Basically speaking, the mahayana path. . .

. . . which is the Buddhist path of working with everybody . . .

. . . is trying to show us that we don’t have to secure ourselves. We can afford to extend out a little bit—quite a bit. The basic idea of practicing sending and taking is almost a rehearsal . . .

As Jeff was trying to explain this morning: a practice, practice rehearsal, a dress rehearsal.

. . . a discipline of passionless-ness, a way of overcoming territory. Overcoming territory consists of going out with the out-breath, giving away and sending out, and bringing in with your in-the breath as much as you can of other people’s pain and misery. You would like to become the object of that pain and misery. You want to experience it fully and thoroughly. 

You practice putting others first by means of the very literal discipline called tonglen. How are you going to do that in the ordinary sense? Should you just run up to somebody in the street and say, “Hey, take my candy and give me the Kleenex in your pocket?” Of course, you could do that if you like, and if you were versatile enough, you could probably do it without offending anybody. But that is experimenting with others on a very crude level. What we are doing is different. We have a way of practicing putting others first—by placing letting go and receiving on the medium of the breath. The first stage of tonglen consists of the practice of sending and taking mentally, psychologically, slowly and slowly. Then at the end one might actually do such a thing. It has been said in the scriptures that one can even practice tonglen by taking a piece of fruit in one hand and giving it to the other hand.

My master of retreat in the past years said the whole thing is very simple. He said, “If somebody says to me, ‘Your teacup is in my space.’” He says, “I move it away.”

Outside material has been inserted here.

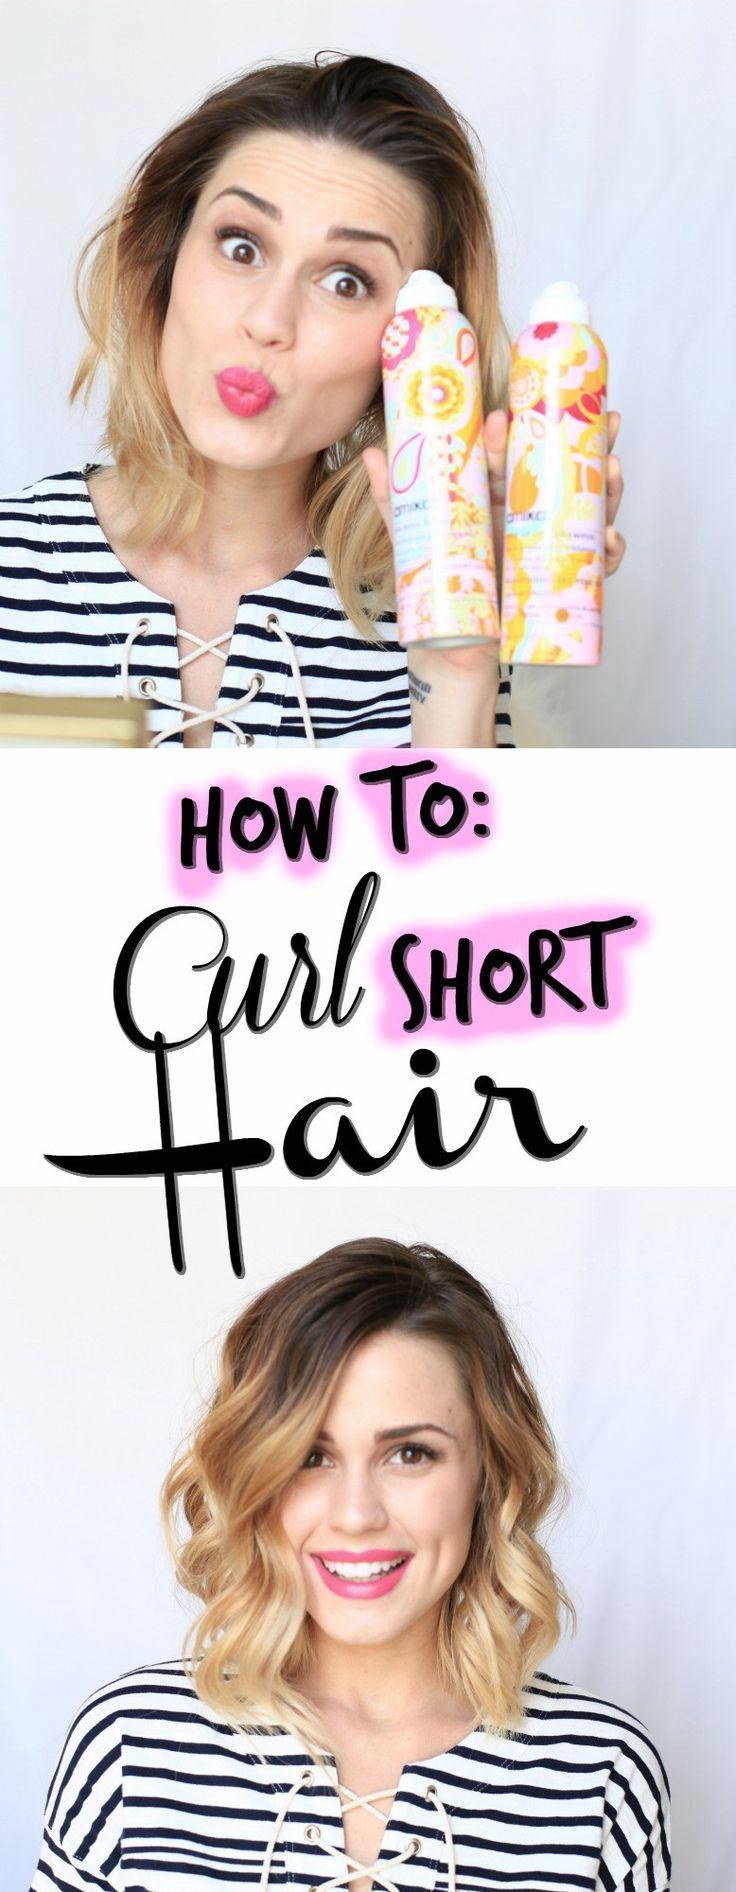 How to Curl Your Bob | Curls for short hair | How to curl short hair | Uptown with Elly Brown #shorthaircurls #curls #lob #bob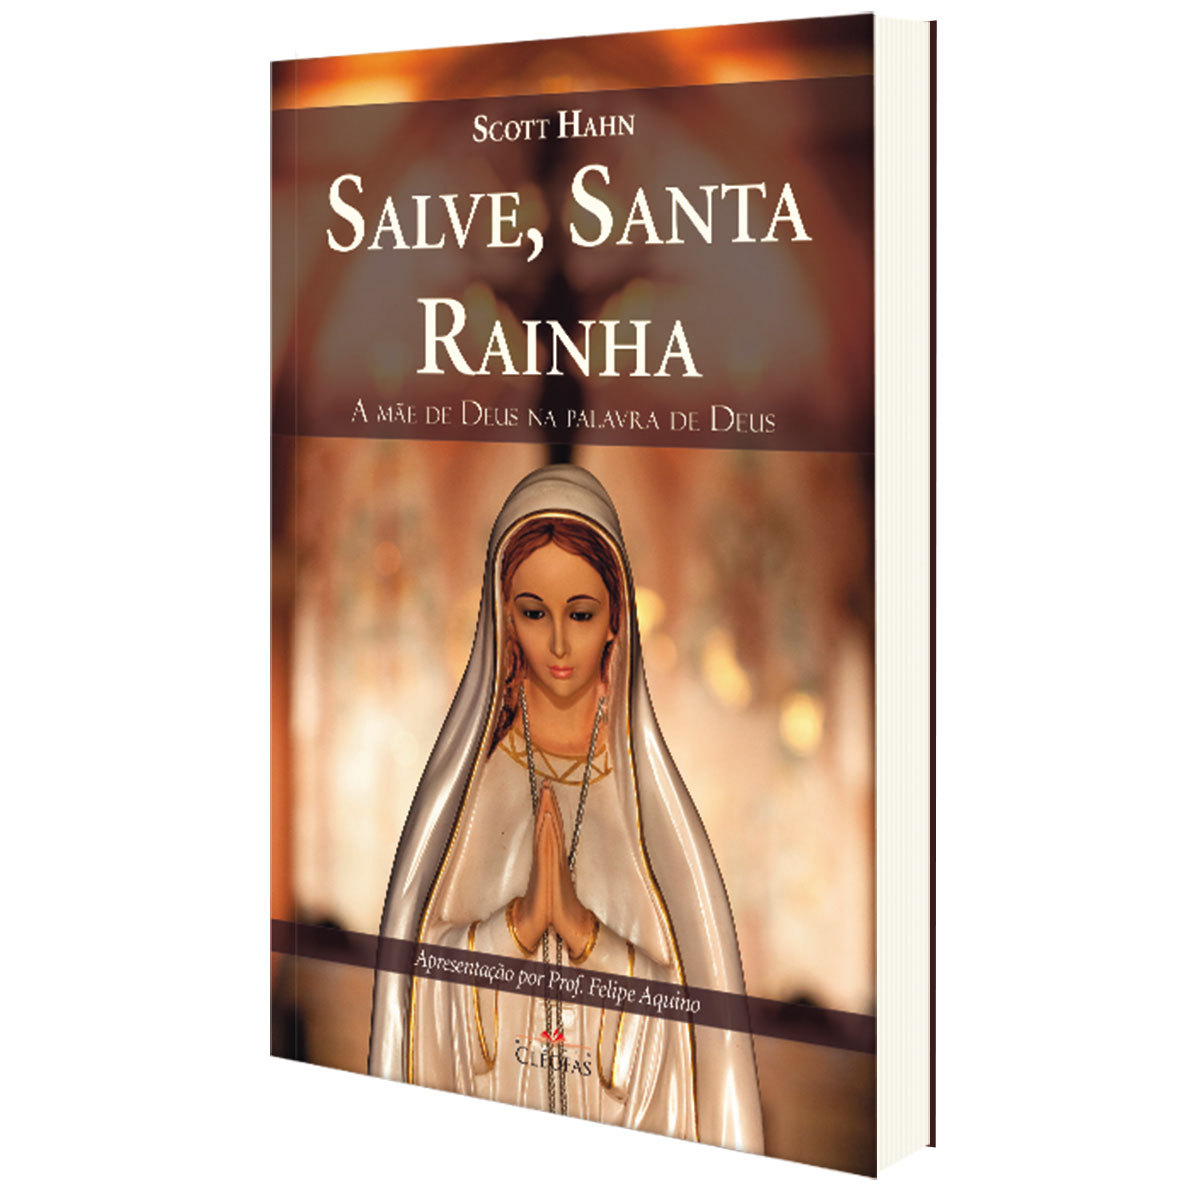 Livro Salve, Santa Rainha - Scott e Kimberly Hahn

There are obviously a lot of obstacles to practice tonglen, particularly since we are involved in modern industrial society. But you can do it step by step, which actually makes you grow up and become the ultimate adult. The main point is to develop the psychological attitude of exchanging oneself for others . . . You might have a lot of pride and reservations, but nevertheless you can begin to do that. Obviously, to begin with, tonglen is more of a psychological state than anything else. If everybody began to give things away to each other, there would be tremendous conflict. But if you develop the attitude of being willing to part with your precious things, to give away your precious things to others, that can help begin to create a good reality. 

How do we actually practice tonglen? First we think about our parents, our friends, or anybody who has sacrificed his or her life for our benefit.

So, that is the beginning, that is the touchstone. That we are here, that we are still alive, that we have to practice this, that we are able to talk, that we are able to live our lives because there has been great sacrifice that has taken place which we do not know about, which we will never know about, because we did not have the awareness to realize what was happening. We may touch in again on this when we become, if we become, parents, and we see how people have given up their lives, their occupations, their time, their health, to ensure our survival, and we don’t see that. We don’t know about it. But we know it happens, and that is why we can continue our life.

First we think about our parents, or our friends, or anybody who has sacrificed his or her life for our benefit. In many cases, we have never even said thank you to them. It is very important to think about that, not in order to develop guilt, but just to realize how mean we have been . . . . I’m sure you have a lot of stories about how badly you treated your parents and friends, who helped you so much. They dedicated their entire being for your sake, and you never even bothered to say thank you or write them a letter. You should think of the people who cared for you so much that they didn’t even look for confirmation. There are many people like that.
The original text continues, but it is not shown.